To perform matching, we must first play close attention to what kind of causal effect we wish to estimate. When estimating the ATE we look for an eligible match for all individuals in the study.

Exercise 4

In this exercise, we will match every member of the treated group (DIET = 1) to an untreated individual (DIET = 0) and vice versa. We can do this using the function matchit() from the package MatchIt in R. You can do this by specifying a regression equation DIET ~ [matching-variables], with options method = "exact" and estimand = "ATE". Here we try to recreate the matching procedure we used in the main exercises - exact matching with replacement.

Code
library(MatchIt, quietly = T)
match1 <- matchit(DIET ~ DISTR.1 + as.factor(BLACK) + as.factor(NBHISP) 
                    + GRADE + SLFHLTH + SLFWGHT + WORKHARD + GOODQUAL 
                    + PHYSFIT + PROUD + LIKESLF + ACCEPTED + FEELLOVD, 
                    method = "exact",  data = df, estimand = "ATE")
Exercise 5

Inspect the resulting matched dataset using summary().
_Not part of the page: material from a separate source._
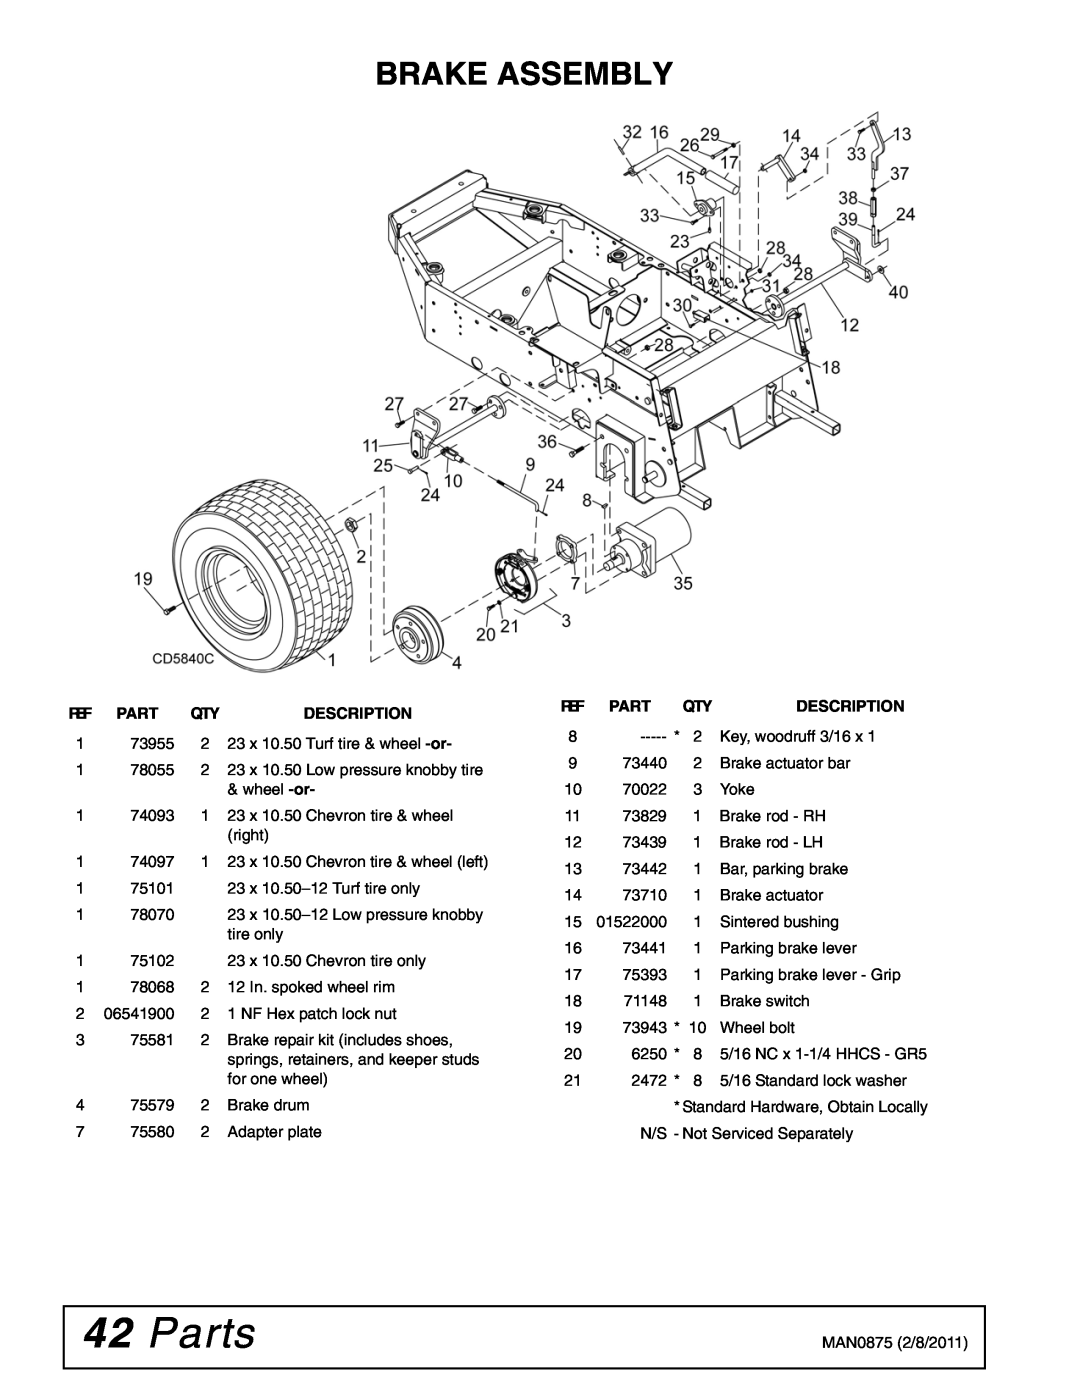 Woods Equipment FZ28K, FZ23B manual Parts, Brake Assembly

Are the covariates now balanced? How many individuals are in the matched dataset, and how much information was lost?

Code
# look for objects sum.matched and nn
summ1 <- summary(match1)

The first thing we should notice is that using exact matching we lose a lot of information; with many covariates, many of which have 5 categories, it is difficult to find an exact match for every treated individual. We end up only matching around 10 treated and 11 untreated individuals. Clearly, exact matching is not a feasible strategy for this datase, although it does achieve covariate balance.

Code
summ1$nn
                 Control Treated
All (ESS)     4780.00000  1220.0
All           4780.00000  1220.0
Matched (ESS)   10.88889     9.8
Matched         11.00000    10.0
Unmatched     4769.00000  1210.0
Discarded        0.00000     0.0

Since exact matching is not a feasible adjustment strategy in this situation, we can change our matching strategy. Rather than searching for exact matches, we could instead search for near matches; this strategy may be less succesful at balancing covariates, but will allow us to experience less data loss.

Exercise 6

Perform matching with method = "nearest". In order to do this with matchit() we must switch our estimand of interest from the ATE to the ATT. This means we will take every treated unit and find the best match available for them in the control units. Inspect how many matches you obtain and the covariate balance as you did above.

Code
match_nearest <- matchit(DIET ~ DISTR.1 + as.factor(BLACK) + as.factor(NBHISP) 
                    + GRADE + SLFHLTH + SLFWGHT + WORKHARD + GOODQUAL 
                    + PHYSFIT + PROUD + LIKESLF + ACCEPTED + FEELLOVD, 
                    method = "nearest",  data = df, estimand = "ATT")
summ_nearest <- summary(match_nearest)
Exercise 7

Use the function match.data() to save the matched dataset to a data.frame. Now, estimate the ATT by comparing the matched treated and control groups. Compare to the estimate you would obtain using a naive method: by comparing the groups in the original dataset, without any adjustment

Code
df.match <- match.data(match_nearest)
t.test2 <- t.test(DISTR.2 ~ DIET, df.match)
m1 <- t.test2$estimate[2]
m0 <- t.test2$estimate[1]

# unadjusted mean difference
t.test1 <- t.test(DISTR.2 ~ DIET, df)
# Difference in means between the groups:
m1_naive <- t.test1$estimate[2]
m0_naive <- t.test1$estimate[1]

The original sample consisted of 6000 individuals, and the matched sample consists of 2440 individuals. This is because the number of treated individuals is 1220, and these were all matched with a non-treated person. The covariate balance is no longer perfect, because we do not perform exact matching. But we can see that most covariates are very close in mean across the matched groups now.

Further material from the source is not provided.